It goes without saying that artificial intelligence (AI) is having a profound impact across industries today, healthcare not being an exception. Some of the most exciting AI applications are driven by natural language processing (NLP) technology. Simply put, NLP is a branch of AI focused on the interpretation and manipulation of human languages. In fact, NLP has already been tightly integrated into our daily lives: personal voice assistants, machine translation, autocorrect, and spam filter on your email system are all examples of NLP-driven applications.
The adoption of NLP in healthcare is rising due to its enormous potential to search, analyze, and interpret whopping amounts of unstructured data. For instance, NLP is highly promising in terms of data entry and extraction across electronic health records (EHRs), while it can give EHRs speech-recognition capabilities during clinician visits and help quickly find necessary information.
Many organizations have already started to leverage natural language processing solutions from Unicsoft to reduce their administrative cost and improve healthcare delivery. In this article, we’ll take a closer look at the potential of NLP to maximize the value of the EHR and healthcare data, and therefore improve health outcomes.
NLP Helps Doctors Cut Down On Administration Routines
One of the toughest challenges in care delivery is that physicians lack time to dedicate to their patients due to numerous administrative tasks. Sometimes doctors have to work overtime, which puts them at risk of burning out. NLP provides a solution to this issue. In many cases, clinicians have already replaced handwriting or typing with voice notes. With clinical dictation, doctors can devote more time to patient care.

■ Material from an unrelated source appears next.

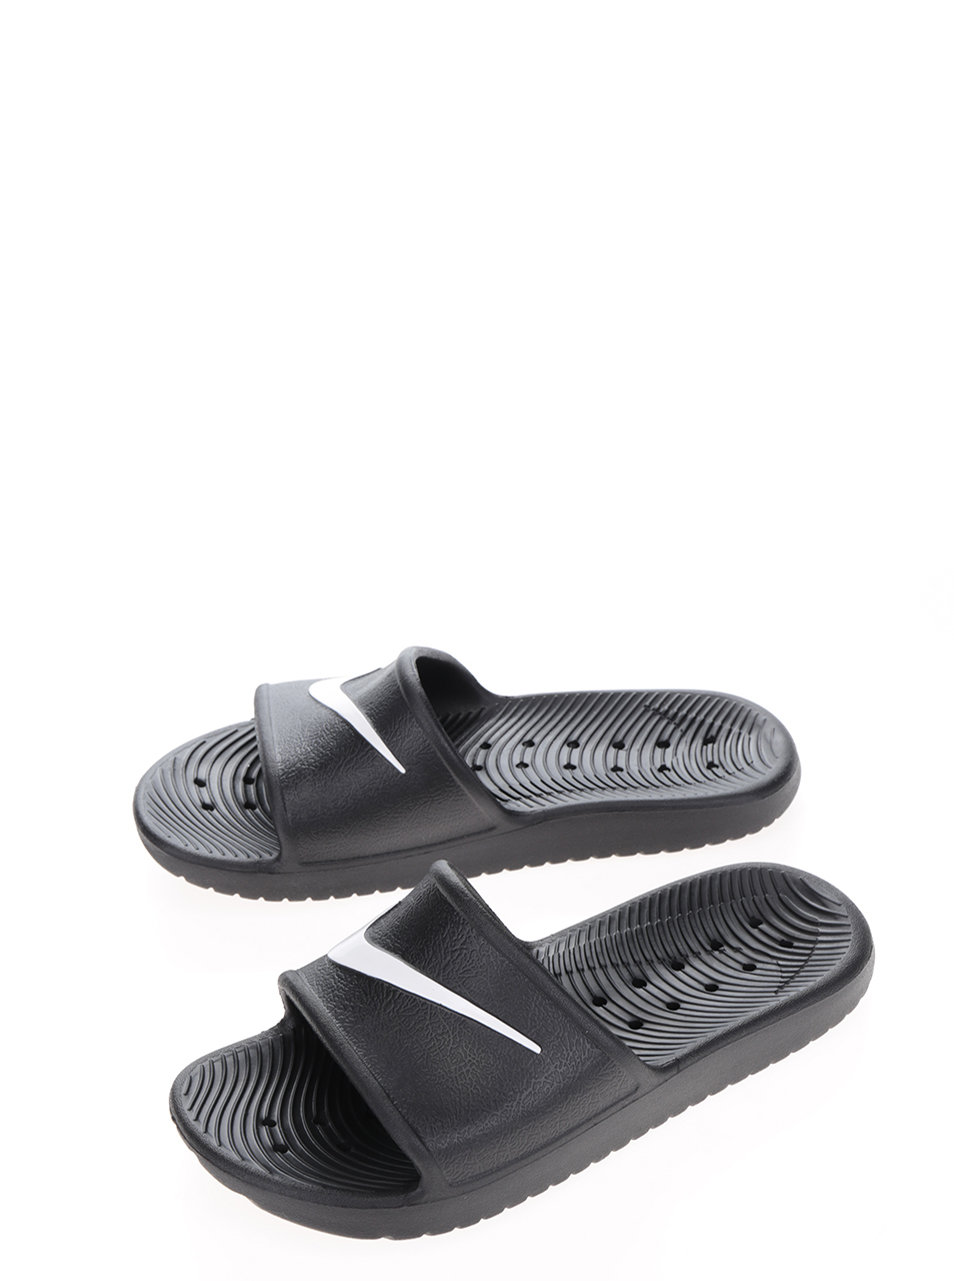 85f85aca618ad Čierne dámske šľapky Nike Kawa Shower | ZOOT.sk

NLP Enhances EHR Data Usability
The process of documentation in EHRs is known to be time consuming and inefficient. The two major challenges it presents include the time-consuming data entry and the issue of quickly finding critical patient information. Natural language processing streamlines data entry by offering speech recognition capability, enabling clinicians to maintain control of the process and potentially decrease the documentation burden. Next, NLP can facilitate an EHR interface that makes patient data easier to find. NLP techniques are used to extract key information: diagnoses, recommendations, timeline, or possible symptoms to streamline the decision-making process.
NLP Facilitates Predictive Analytics
NLP technology can analyze multiple healthcare reviews posted every day on third-party listings, and, which is even more amazing, identify human sentiment in unstructured comments, along with the context of how they are being used. For instance, a 2018 study used NLP to foresee suicide attempts by tracking social media. The outcomes showed clear signals of suicide attempts by Twitter users who posted fewer emojis, emojis of certain types like a broken heart symbol, or more tweets expressing annoyance or sadness prior to attempting suicide. This NLP-driven system had a 70% prediction rate with just a 10% false-positive rate. In addition, healthcare systems may use text and sentiment analytics to monitor consumer reviews, so clinicians can better understand the patients and use this data to enhance their services.
NLP Can Streamline Phenotyping
Phenotype is an individual’s observable physical characteristics. This includes your height and eye color, but also your overall health, your disease history, and even your behavior and general disposition. Phenotyping facilitates categorizing patients that help provide a deeper look into data. NLP provides analysts with a tool to derive and process unstructured data such as follow-up appointments, orders, symptoms, etc., making a huge deal of all patient data available for analysis and creating patient groups.
NLP Improves the Quality of Healthcare Services
Not to mention, NLP-driven tools streamline human communication by providing translation solutions, auto-complete, autocorrect, and voice recognition. The ability to exchange health information across different systems can help providers improve the quality of their services. Plus, NLP enables instant access to patient records, facilitates coding and billing, allowing clinicians to diagnose patients more effectively and avoid medical errors.
NLP Enables Simplified Financial Reporting
With NLP, financial reports can be generated automatically, and any necessary data can be issued upon request. It substantially reduces the time of collecting them. The patient, the hospital, the government and the insurance company can easily monitor all expenses and prevent fraud.
NLP Can Raise Patient Awareness and Involvement
Over the last few decades, regulatory guidelines caused a strong need for patient involvement in care. Today, patients can easily access their reports and other information related to healthcare. However, it’s not always beneficial. Patients might lack knowledge of medical terms and misinterpret their health data, which can have hazardous consequences. Natural language processing can effectively respond to this challenge: it can explain complex terms in a language that can be easily understood by patients, enabling them to be more involved and make an informed decision regarding their health.
To Wrap it Up
All in all, natural language processing is creating exciting opportunities for healthcare delivery and patient experience. It is here to disrupt documentation processes and enable quick and efficient decision-making.